Tu vois fils, j’ai longtemps pensé que nous, enfants des bas fond de l’Empire, étions aussi honorables que ceux d’en haut. Que nous aussi, nous méritions, à force d’effort, de toucher du doigt les avantages d’une vie au sein des élites. Mais non. La société fyros est ainsi faite que ceux qui sortent la tête de la sciure ne sont pas pour autant différents de ceux qui continuent d’y ramper. On te le fait bien comprendre quand tu oses t’approcher de trop près de leurs privilèges. Toi-même, tu ne seras jamais accepté pour ton mérite. Et même si tu pars sur une meilleure ligne de départ que moi à ton âge, tu devras te battre dix fois plus pour gagner ta place. Mais celle-ci restera précaire.
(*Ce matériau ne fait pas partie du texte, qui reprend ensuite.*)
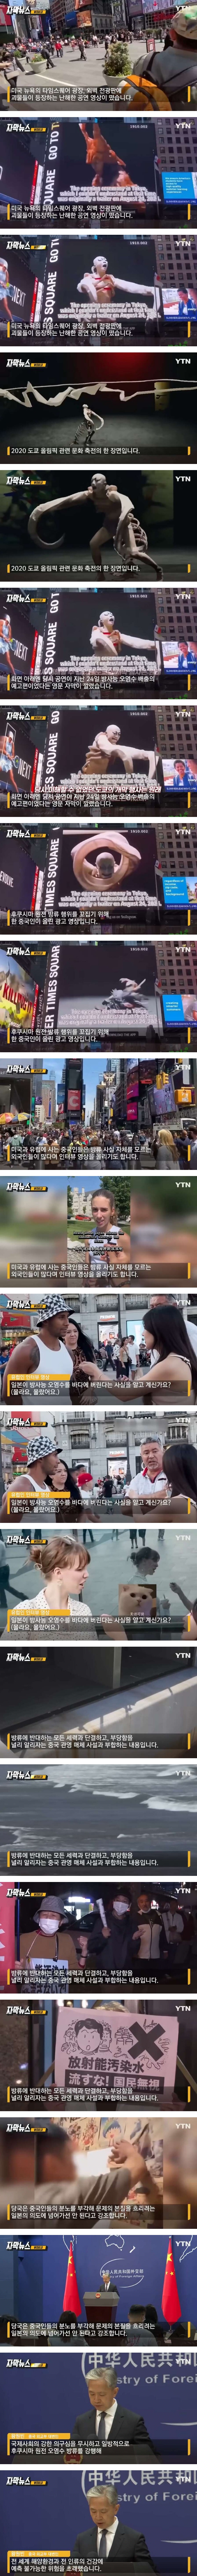 중국인이 미국 타임 스퀘어에 올린 영상 - 5

Tu ne seras qu’un imposteur aux yeux des élites. Et au final, tu finiras par faire ce que la société attend de toi. Le sale boulot. Celui sans honneur, sans gloire. Le travail ingrat, celui qui ne donne aucune gratitude. On te montrera du doigt comme un meurtrier, parce que tu auras osé faire ce que eux n’auraient pas osé. Tu ne recevras rien. Pire, on te prendra ce que tu as sué à obtenir.

Et tu vois, peu importe. Je me fous de leur reconnaissance. Je les hais, tous autant qu’ils sont, ces traine-palais, ces biens nés. La seule reconnaissance que je peux espérer avoir, c’est dans celle des coeurs durs des fyros de la sciure, comme nous, comme ta mère. Mais eux ne diront rien. Cette reconnaissance est silencieuse. Eeri et moi étions toujours prêt à faire exploser notre colère. Mais quand il s’agissait de montrer de la gratitude, nous étions plutôt taiseux. Et pourtant, il suffisait d’un seul regard pour comprendre que nous nous aimions et nous respections. C’est ce regard que j’ai vu dans ses yeux avant de la tuer. C’est ce regard, et uniquement ce regard, que tu peux attendre de la part des fyros de la sciure. Mais il vaut plus que tous les honneurs, que tous les titres, plus encore que le feu sacré.
Nés de la sciure, nous retournerons à la sciure. Tel est notre destin. Car un fyros doit toujours combattre la fumée qui l’élève pour retourner dans les profondeurs combattre le dragon. Et là-dessus, nous autres, rampant au sol, nous avons déjà une longueur d’avance.

Si tu as atteint la fin de cette lettre, c’est que tu as progressé en capacité de concentration. Sache que je suis fier de toi mon fils. Même si j’ai été un père horrible, je l’ai fait pour la bonne cause. Et là aussi, je n’attends aucune reconnaissance de ta part. Être père, c’est ramper dans la sciure pour le bien de sa progéniture, sans rien attendre en retour. Je t’aime, ne doute jamais de cela.

Sur ce, prends bien soin de ta demi-sœur. Dis-lui que je lui pardonne d’avoir passé les légions fyros du joug des kamis au joug de la karavan. J’espère qu’elle comprendra un jour qu’on peut se passer des Puissances, comme son père et sa mère l’avaient bien compris. Et que si elle veut se venger pour mon crime, qu’elle n’hésite pas à traverser la route d’Oflovak. Je serai heureux de l’accueillir.

Va, suis ton destin, Uzykos, quelle qu’en soit l’âpreté du chemin. Et souviens-toi, fils, de ton courage à chacun de tes pas.